(a) In general. Section 833(a)(2) and (3) do not apply to an organization unless the organization's medical loss ratio (MLR) for a taxable year is at least 85 percent. Paragraph (b) of this section provides definitions that apply for purposes of section 833(c)(5) and this section. Paragraph (c) of this section provides rules for computing an organization's MLR under section 833(c)(5). Paragraph (d) of this section addresses the treatment under section 833 of an organization that has an MLR of less than 85 percent. Paragraph (e) of this section provides the effective/applicability date.

(b) Definitions. The following definitions apply for purposes of section 833(c)(5) and this section.

(1) Activities that improve health care quality. The term activities that improve health care quality has the same meaning as that term has in section 300gg-18 of title 42, United States Code and the regulations issued under that section (see 45 CFR 158.150).

(2) Reimbursement for clinical services. The term reimbursement for clinical services has the same meaning as that term has in section 300gg-18 of title 42, United States Code and the regulations issued under that section (see 45 CFR 158.140).

(3) Total premium revenue. The term total premium revenue means the total amount of premium revenue (excluding federal and state taxes and licensing or regulatory fees and after accounting for payments or receipts for risk adjustment, risk corridors, and reinsurance under sections 1341, 1342, and 1343 of the Patient Protection and Affordable Care Act, Public Law 111-148 (124 Stat. 119 (2010)) (42 U.S.C. 18061, 18062, and 18063)) as those terms are used for purposes of section 300gg  18(b) of title 42, United States Code and the regulations issued under that section (see 45 CFR part 158).

(c) Computation of MLR under section 833(c)(5)—(1) In general. Starting with the first taxable year beginning after December 31, 2015, and for all succeeding taxable years, an organization's MLR with respect to a taxable year is the ratio, expressed as a percentage, of the MLR numerator, as described in paragraph (c)(1)(i) of this section, to the MLR denominator, as described in paragraph (c)(1)(ii) of this section.

(i) MLR numerator. The numerator of an organization's MLR is the total premium revenue expended on reimbursement for clinical services and activities that improve health care quality provided to enrollees under its policies for the taxable year, computed using a three-year period in the same manner as those expenses are computed for the plan year for purposes of section 300gg-18(b) of title 42, United States Code and regulations issued under that section (see 45 CFR part 158).
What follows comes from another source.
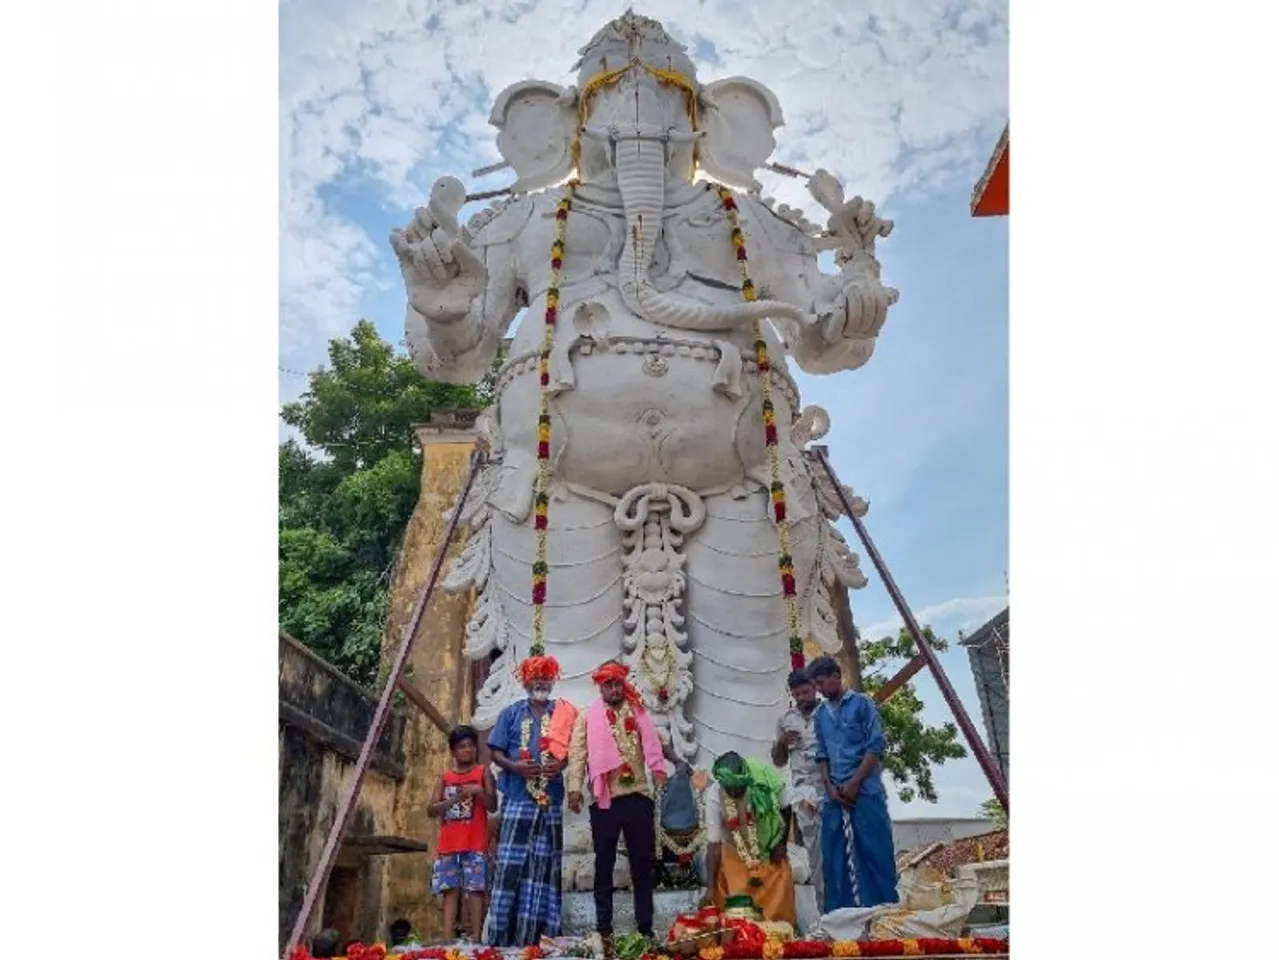 A 32-ft tall idol of Lord Ganesha made of fig tree wood, being decorated for the festival of Ganesh Chaturthi, in Nagapattinam, Tamil Nadu

(ii) MLR denominator. The denominator of an organization's MLR is the organization's total premium revenue for the taxable year, computed using a three-year period in the same manner as the total premium revenue is computed for the plan year for purposes of section 300gg-18(b) of title 42, United States Code and regulations issued under that section (see 45 CFR part 158).

(2) Transition rules. The transition rules in paragraphs (c)(2)(i) and (ii) of this section apply solely for the first taxable year beginning after December 31, 2013, and the first taxable year beginning after December 31, 2014.

(i) First taxable year beginning after December 31, 2013. For the first taxable year beginning after December 31, 2013, the numerator of an organization's MLR is the total premium revenue expended on reimbursement for clinical services and activities that improve health care quality provided to enrollees under its policies for the first taxable year beginning after December 31, 2013, and the denominator of an organization's MLR is the organization's total premium revenue for the first taxable year beginning after December 31, 2013.

(ii) First taxable year beginning after December 31, 2014. For the first taxable year beginning after December 31, 2014, the numerator of an organization's MLR is the sum of the total premium revenue expended on reimbursement for clinical services and activities that improve health care quality provided to enrollees under its policies for the first taxable year beginning after December 31, 2013, and for the first taxable year beginning after December 31, 2014, and the denominator of an organization's MLR is the sum of the organization's total premium revenue for the first taxable year beginning after December 31, 2013, and for the first taxable year beginning after December 31, 2014.

(d) Failure to qualify under section 833(c)(5)—(1) In general. If, for any taxable year, an organization's MLR is less than 85 percent, then beginning in that taxable year and for each subsequent taxable year for which the organization's MLR remains less than 85 percent, paragraphs (d)(1)(i) and (ii) of this section apply.

(i) Special deduction. The organization is not allowed the special deduction set forth in section 833(b).

(ii) Premiums earned. The organization must take into account 80 percent, rather than 100 percent, of its unearned premiums under section 832(b)(4) as it applies to other non-life insurance companies.

(2) No material change. An organization's loss of eligibility for the treatment provided by sections 833(a)(2) and (3) solely by reason of section 833(c)(5) will not be treated as a material change in the operations of such organization or in its structure for purposes of section 833(c)(2)(C).

(e) Effective/applicability date. This section applies to taxable years beginning after December 31, 2016. However, taxpayers may rely on this section for taxable years beginning after December 31, 2009.